UNESCO’nun Dünya Miras Komitesi, 25 Temmuz-3 Ağustos 2010 tarihlerinde Brezilya’da gerçekleştirdiği 34’üncü oturumda, İstanbul’un tarihî alanlarının tehlike altında olup olmadığını ve Dünya Mirası Listesi’nden çıkarılıp çıkarılmamasını ele aldı.

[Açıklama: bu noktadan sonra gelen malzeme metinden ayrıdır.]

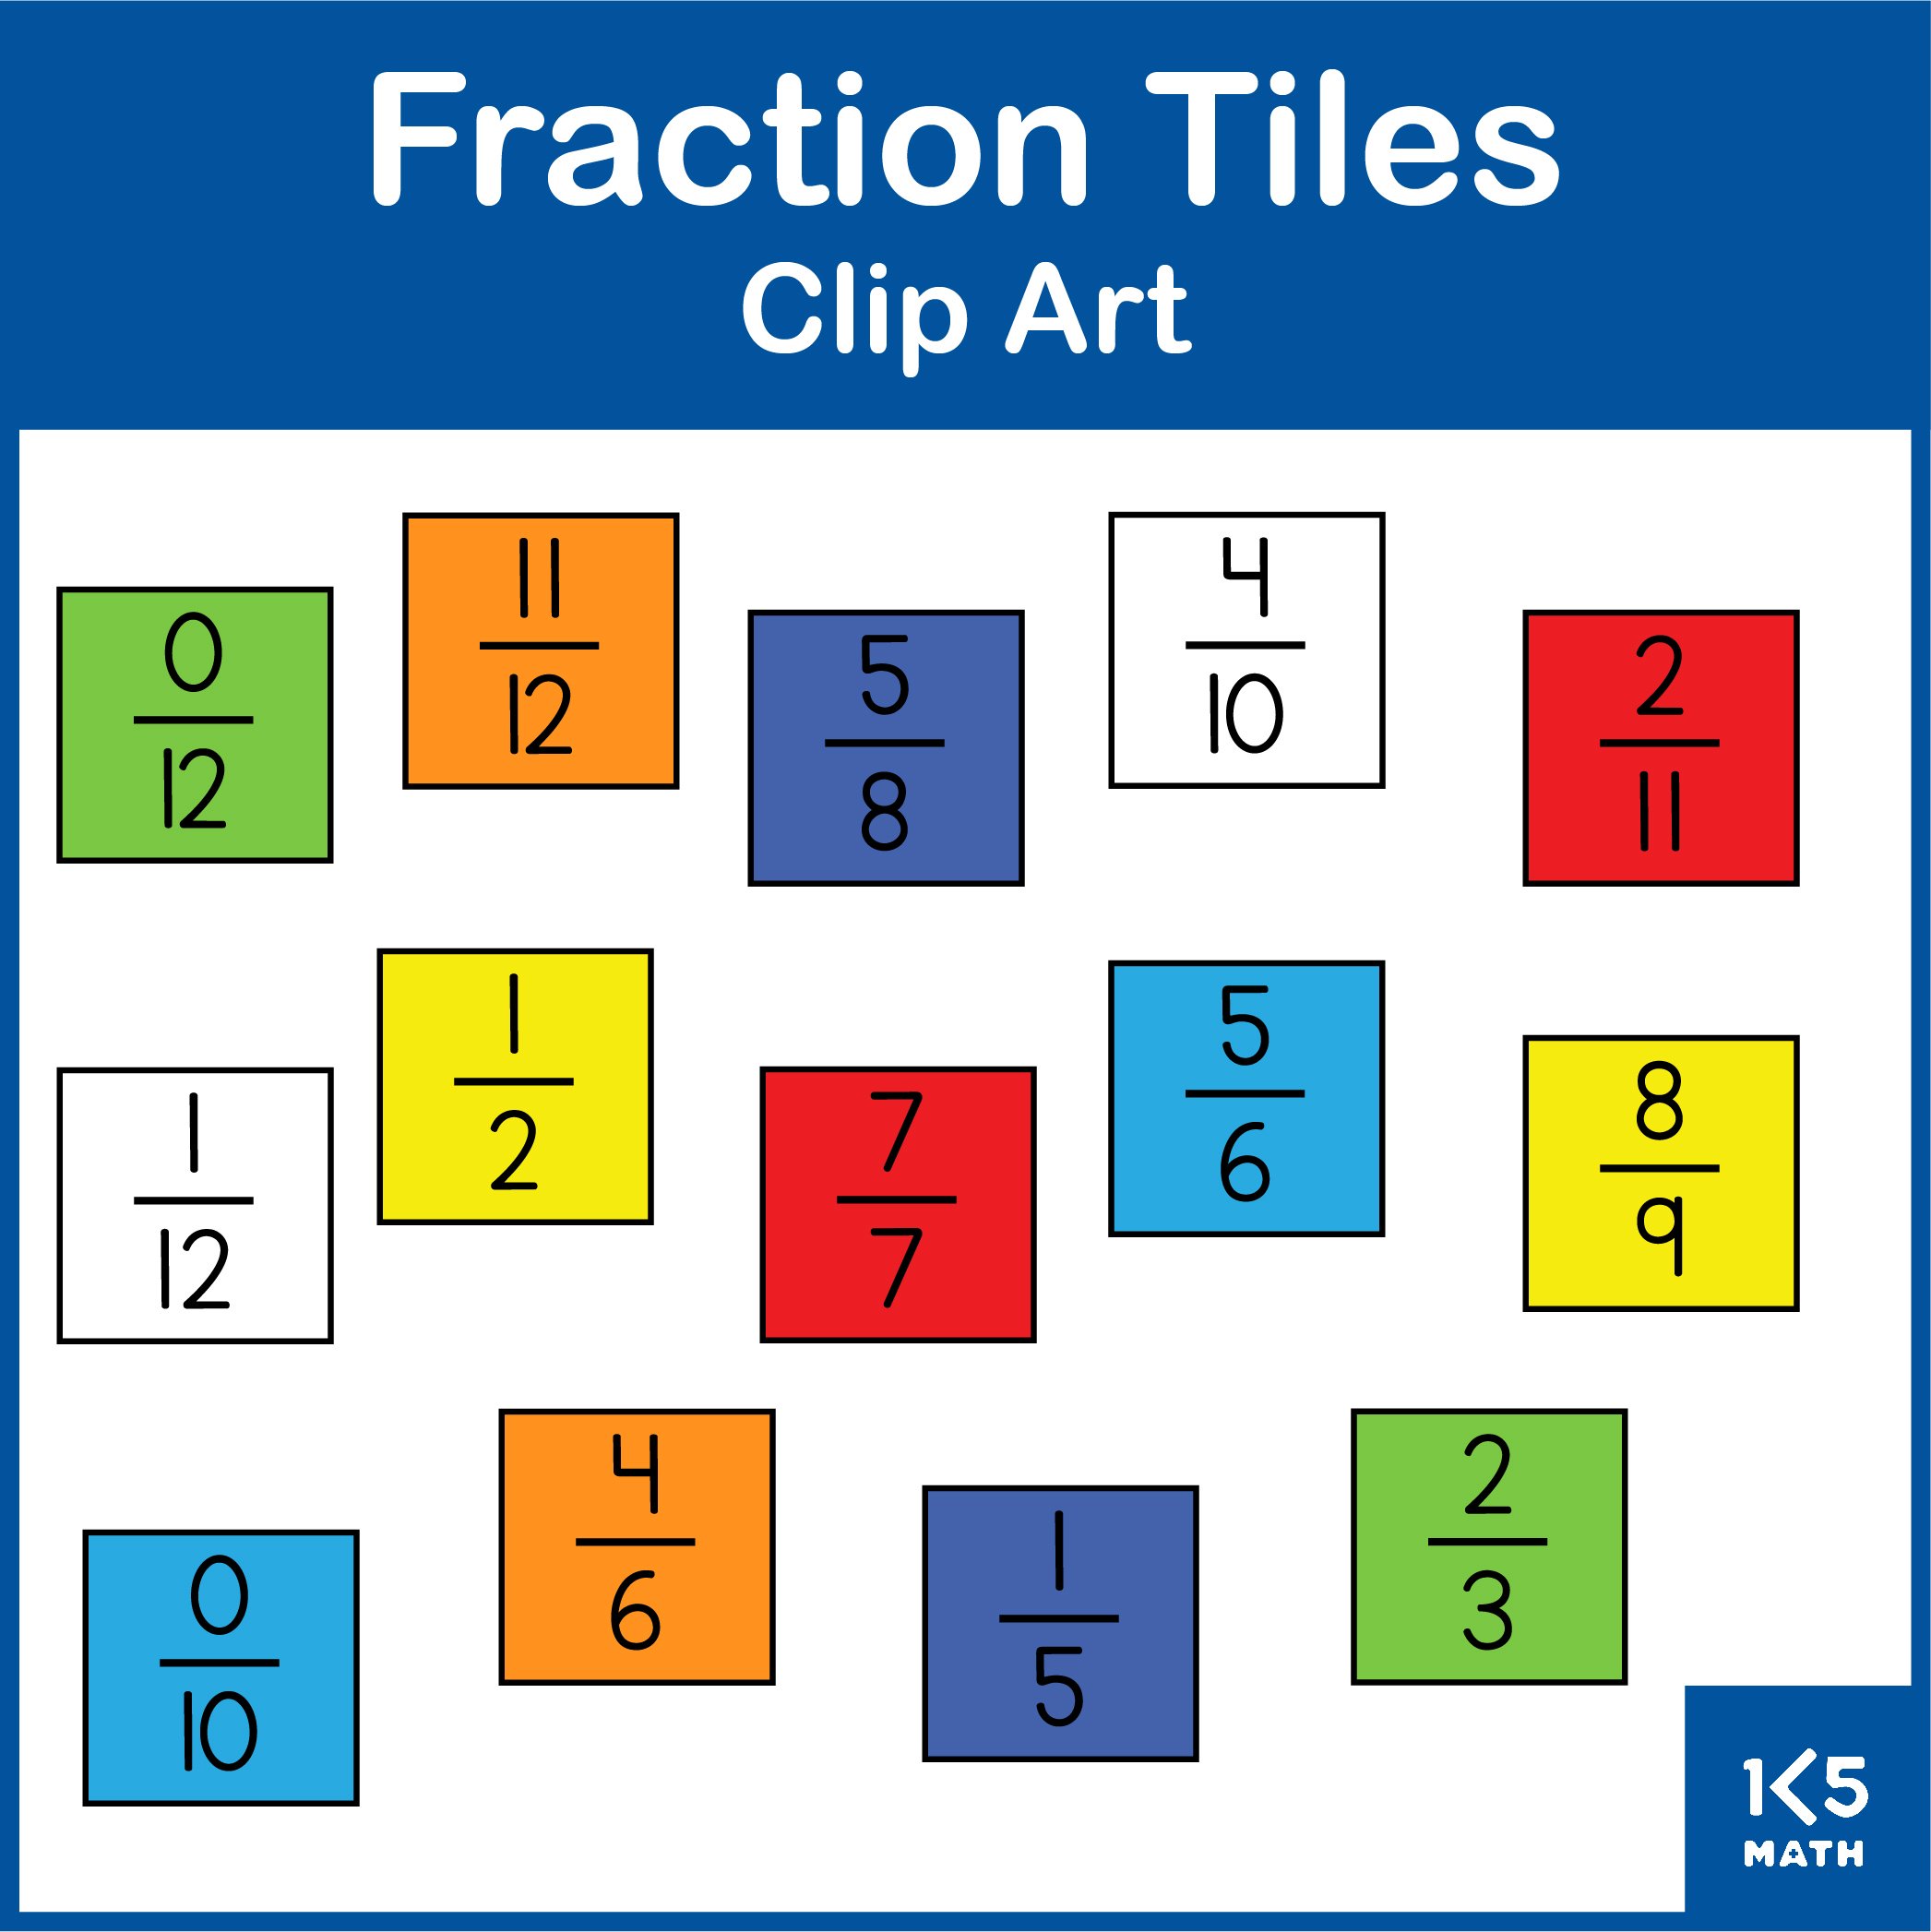 Fraction Tiles Clip Art: Set 1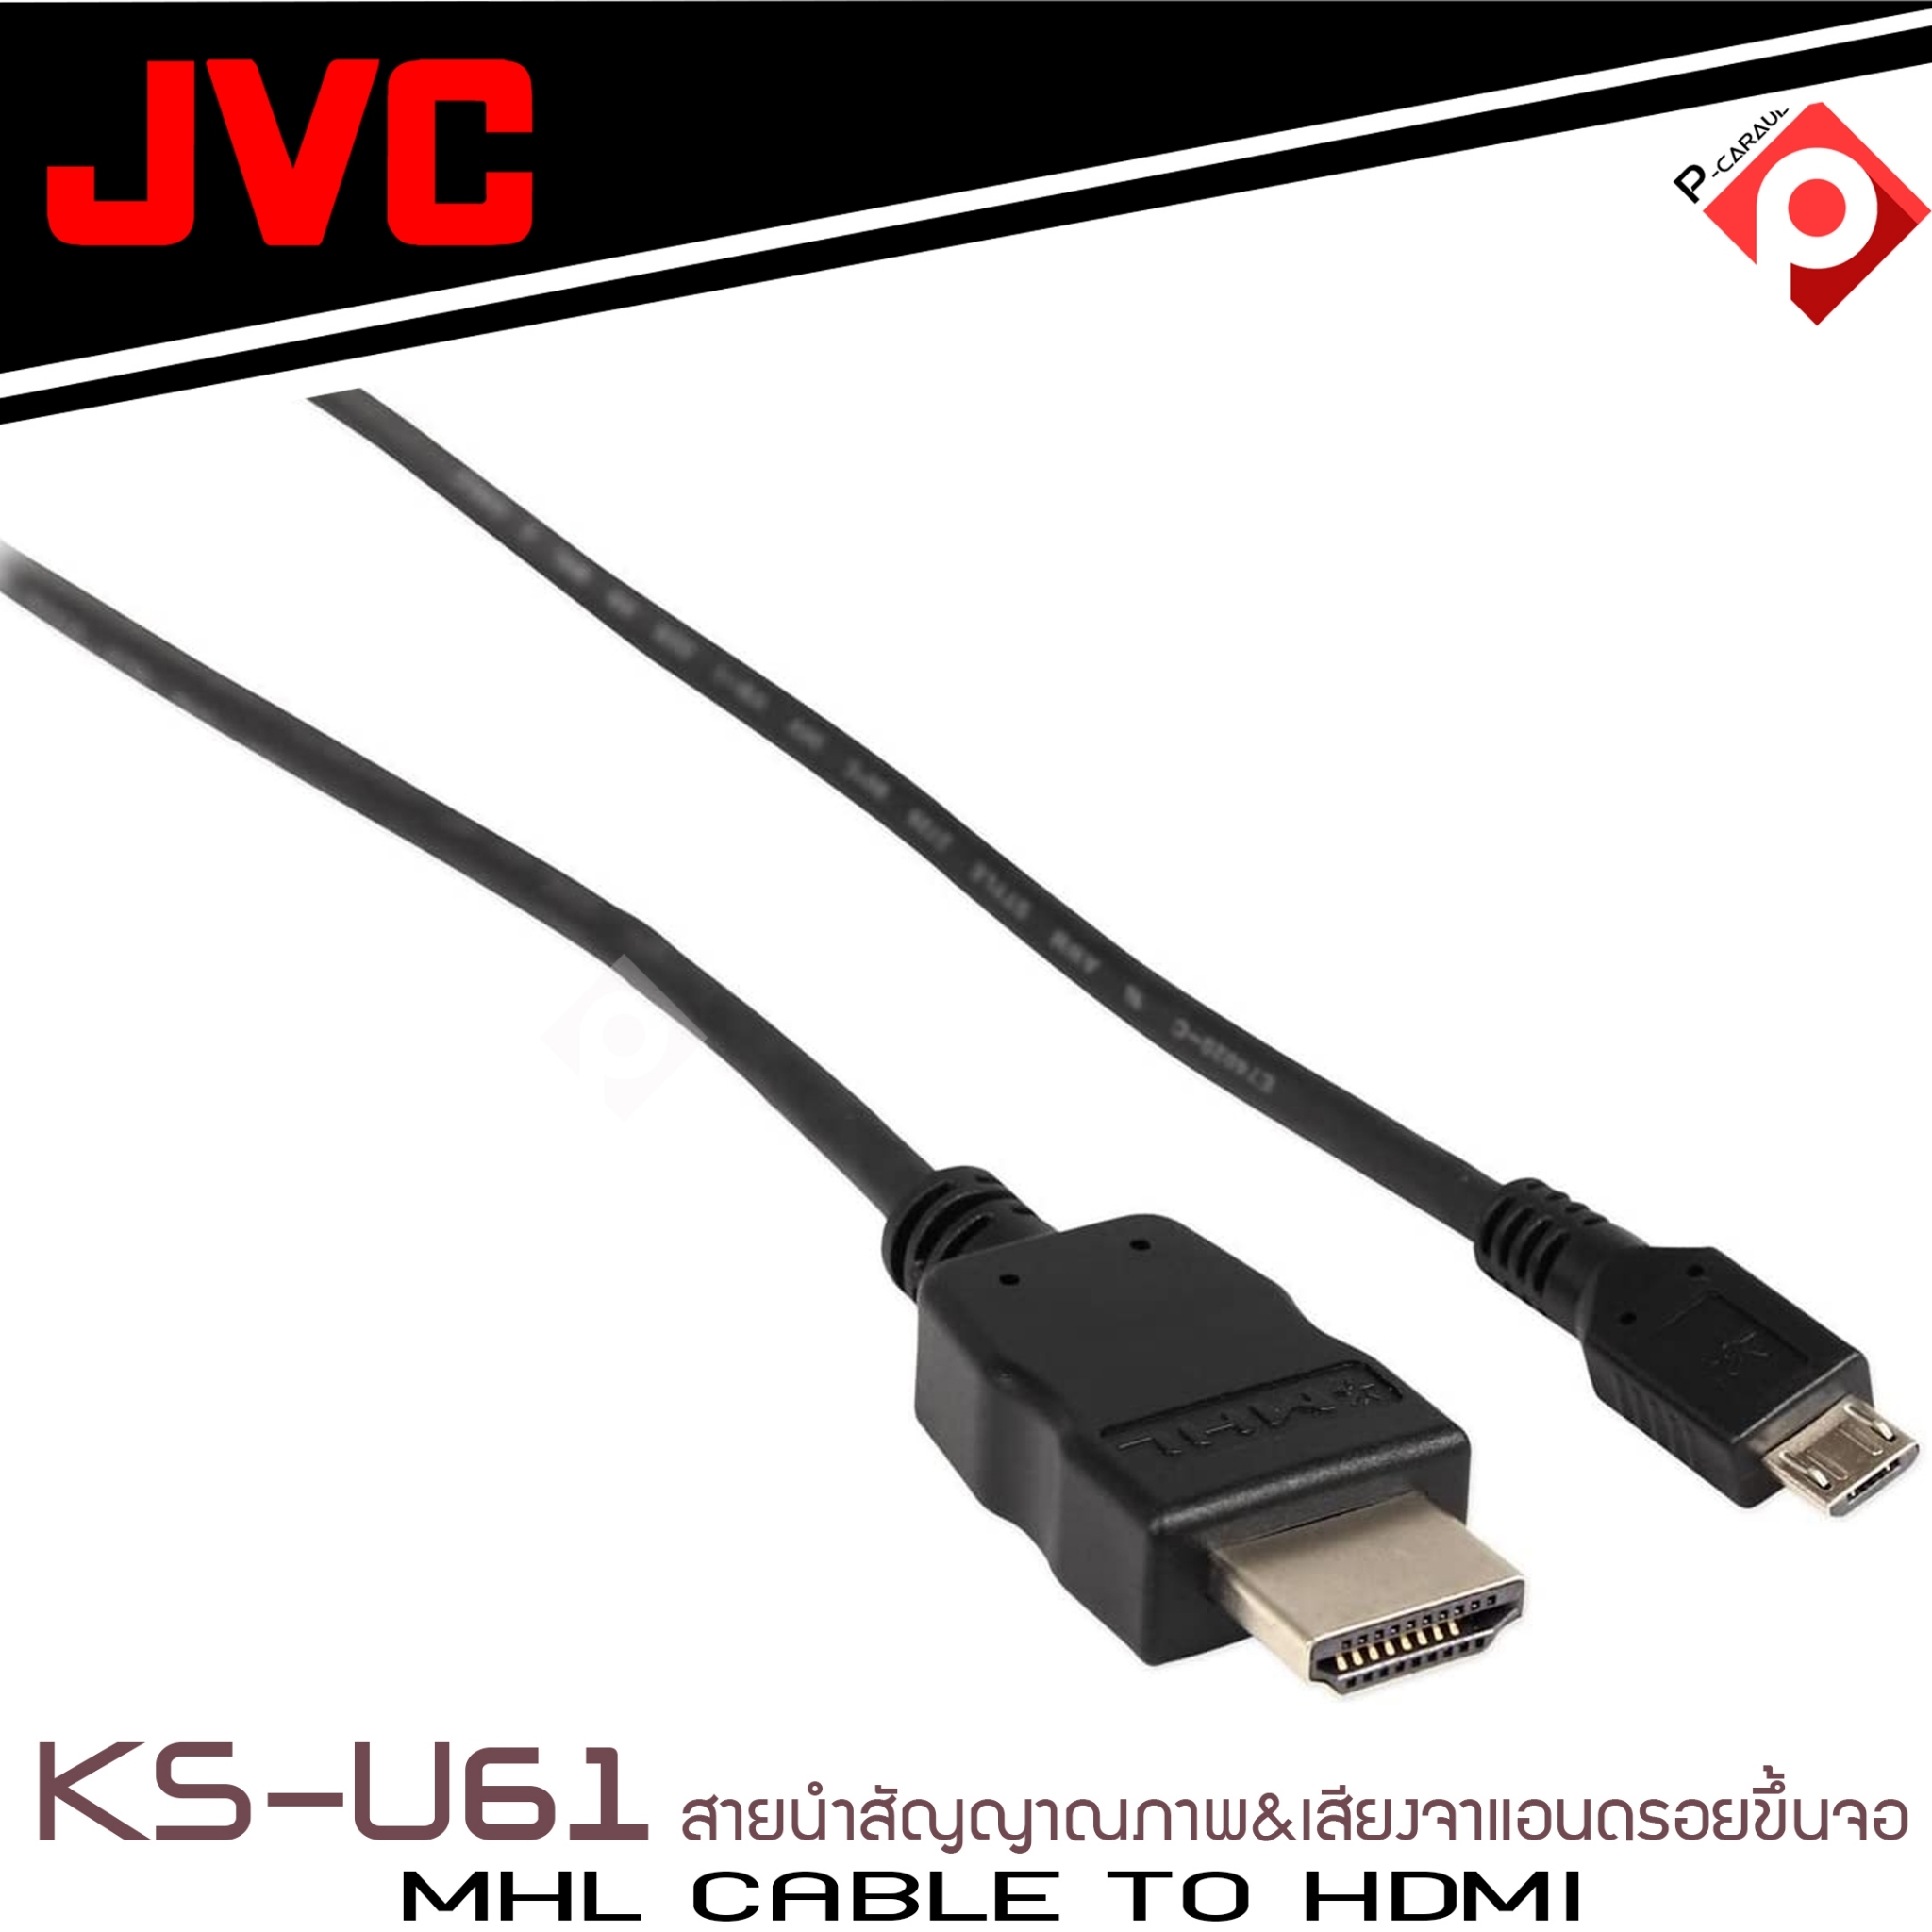 Jvc ks-u61 Mhl A Hdmi Cable สายนำสัญญาณภาพ &เสียงจากแอนดรอยขึ้นจอรถยนต์

İstanbul’u yetersiz koruma standartları nedeniyle uzun yıllardır takip eden ve uyaran UNESCO, 1 Haziran 2010’da yayınladığı taslak kararında, İstanbul’da bulunan Dünya Miras Alanları’nın (ağırlıklı olarak tarihi yarımada) Türkiye’nin de taahhüt ettiği uluslararası koruma standartlarına uygun olarak korunmadığını, Haliç Metro Köprüsü inşaatının ve İstanbul Boğazı karayolu tüp geçiş projesinin bu standartları ihlal ettiğini, İstanbul’u Tehlike Altındaki Dünya Miras Listesi’ne alabileceğini duyurdu.
Bunu da Brezilya’daki toplantıda karara bağlayacaktı. Taslak karar, İstanbul’un Dünya Miras Listesi’nden düşürülerek, Tehlike Altındaki Dünya Miras Listesi’ne alınmasının ardından Komite’nin taleplerinde gelişme sağlanamadığı takdirde listeden tamamen atılmasını öngörüyordu.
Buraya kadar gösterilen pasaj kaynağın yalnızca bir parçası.